New Efficient Models For Deep Learning And Graph Networks
For both unsupervised/self-supervised pre-training and supervised fine-tuning to downstream tasks, it will be critical to improve the training performance and computational efficiency of deep models by designing new processing functions and building blocks for different applications.
In our research, we will continue to consider fundamental applications such as computer vision and natural language understanding, while also targeting applications based on graph networks, including genomics and recommender systems.
Sparse training allows AI practitioners to reduce the compute footprint and power consumption of large over-parametrised models, with the goal of enabling training of larger models than is currently feasible.
Pruning a dense model at the end of training or progressively increasing the amount of sparsity during training allows researchers to reduce the size of the model that can be used for inference. However, these approaches are still limited by the compute and memory requirements of the full model size, at least throughout part of the training duration.

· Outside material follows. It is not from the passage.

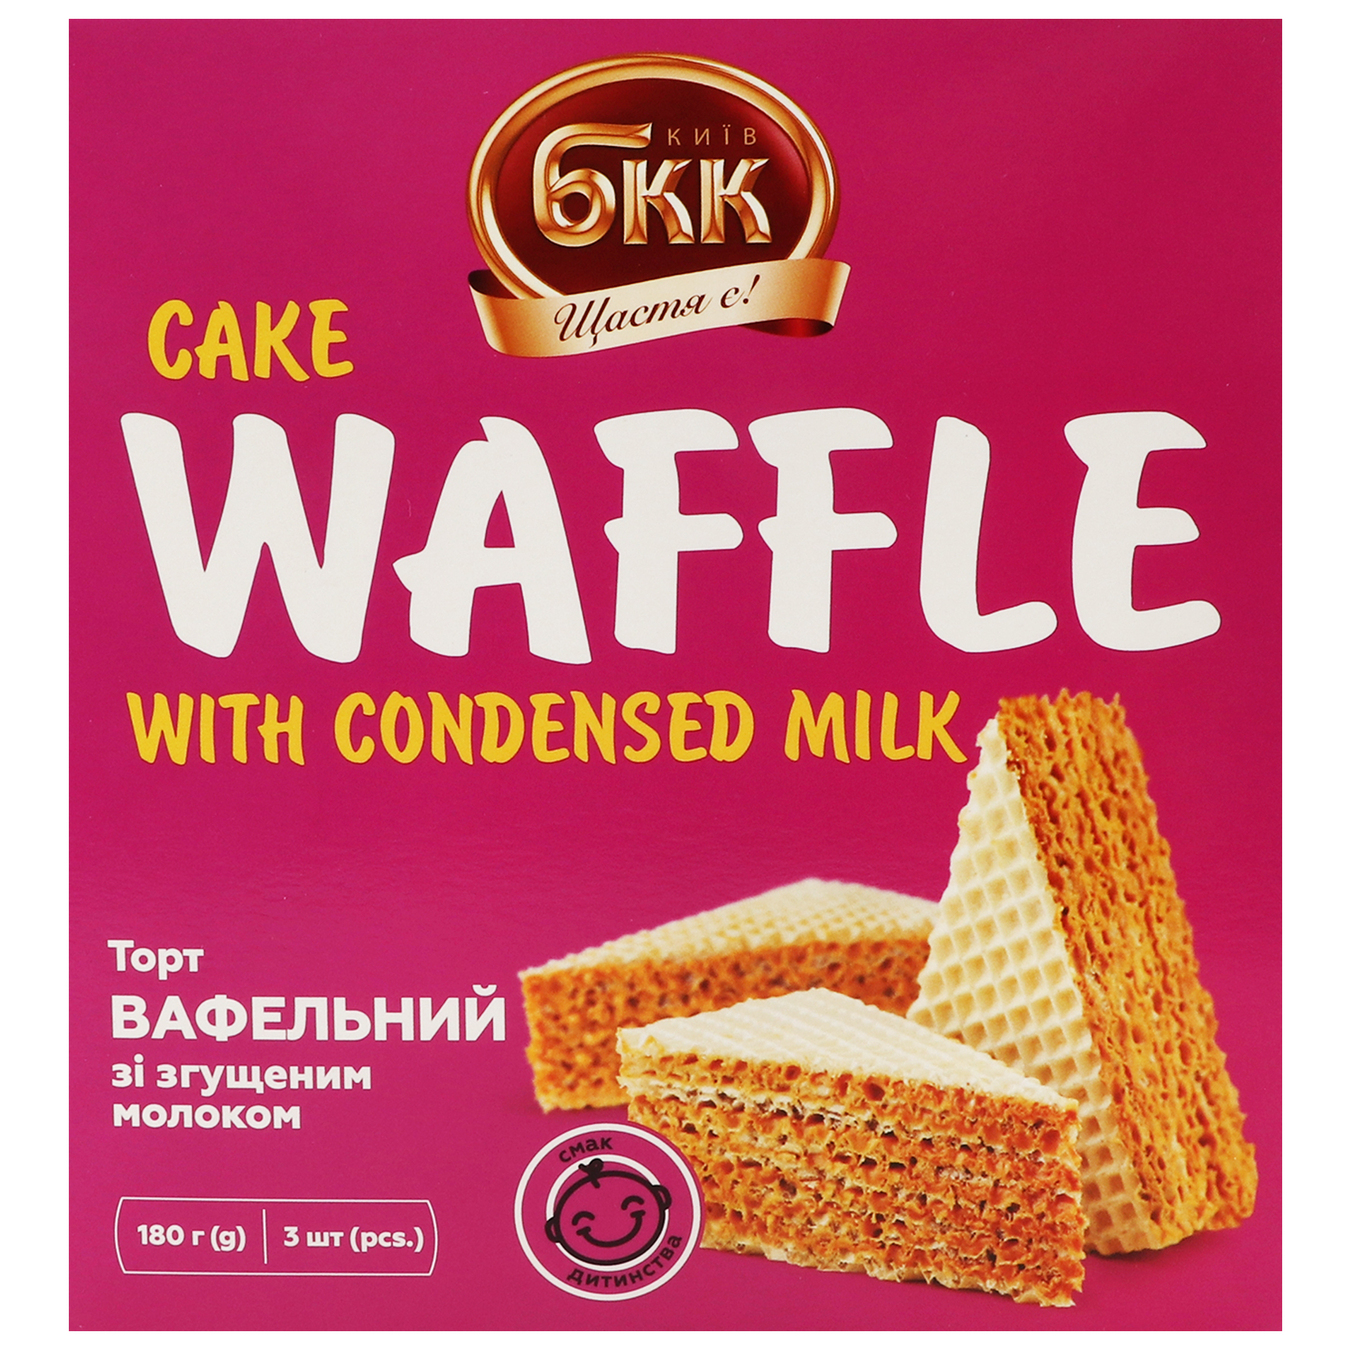 Cake BKK Waffle with condensed milk 180g

Reduced computation and memory requirements are obtained by methods based on deep network pruning at initialisation, followed by training the resulting pruned subnetwork (Hayou et al., 2020). However, static sparse training, which maintains a fixed sparsity pattern during training, generally corresponds to inferior task performance.
Improved task performance can be obtained by dynamic sparse training, which explores the high-dimensional parameter space of large models by periodically changing the sparsity pattern during training, thereby maintaining the reduced computation cost and power consumption associated with the sparse subnetwork (Evci et al., 2019; Jayakumar et al., 2020).
The effective use of dynamic sparse training, with very high sparsity for both the forward and backward pass, will grant innovators the opportunity to train over-parametrised deep networks that are larger than the largest models that can be trained today (Jayakumar et al., 2020).
New Directions For Parallel Training
To reduce the time required to train large over-parametrised models, it is essential to investigate optimisation algorithms for large-scale distributed training, relying on efficient implementation over a large number of processors.
Faster training is conventionally obtained by data parallelism over a number of model replicas, each processing a portion of the data of a minibatch of the stochastic optimisation algorithm. Data parallel training helps to improve throughput by increasing the batch size. However, after an initial region where training time scales with the batch size and number of processors, by further increasing the batch size a saturation region is reached, where no further speedup from increased parallelism can be achieved (Shallue et al., 2018).
With increased model size for data parallelism, each model replica can in turn be implemented over multiple processors based on pipeline parallelism, where the layers of each replica are divided into pipeline stages. For large models, the layers of each stage can be further divided over multiple processors through basic model parallelism. While pipeline parallelism improves throughput, the speedup resulting from an increased number of pipeline stages is obtained by an increase of batch size. Therefore, for the largest batch sizes that still allow training, the use of pipeline parallelism reduces the fraction of the overall batch size that is available for data parallelism (Huang et al., 2018).
We are considering new approaches for parallel processing which can be employed for efficient distributed training of large models.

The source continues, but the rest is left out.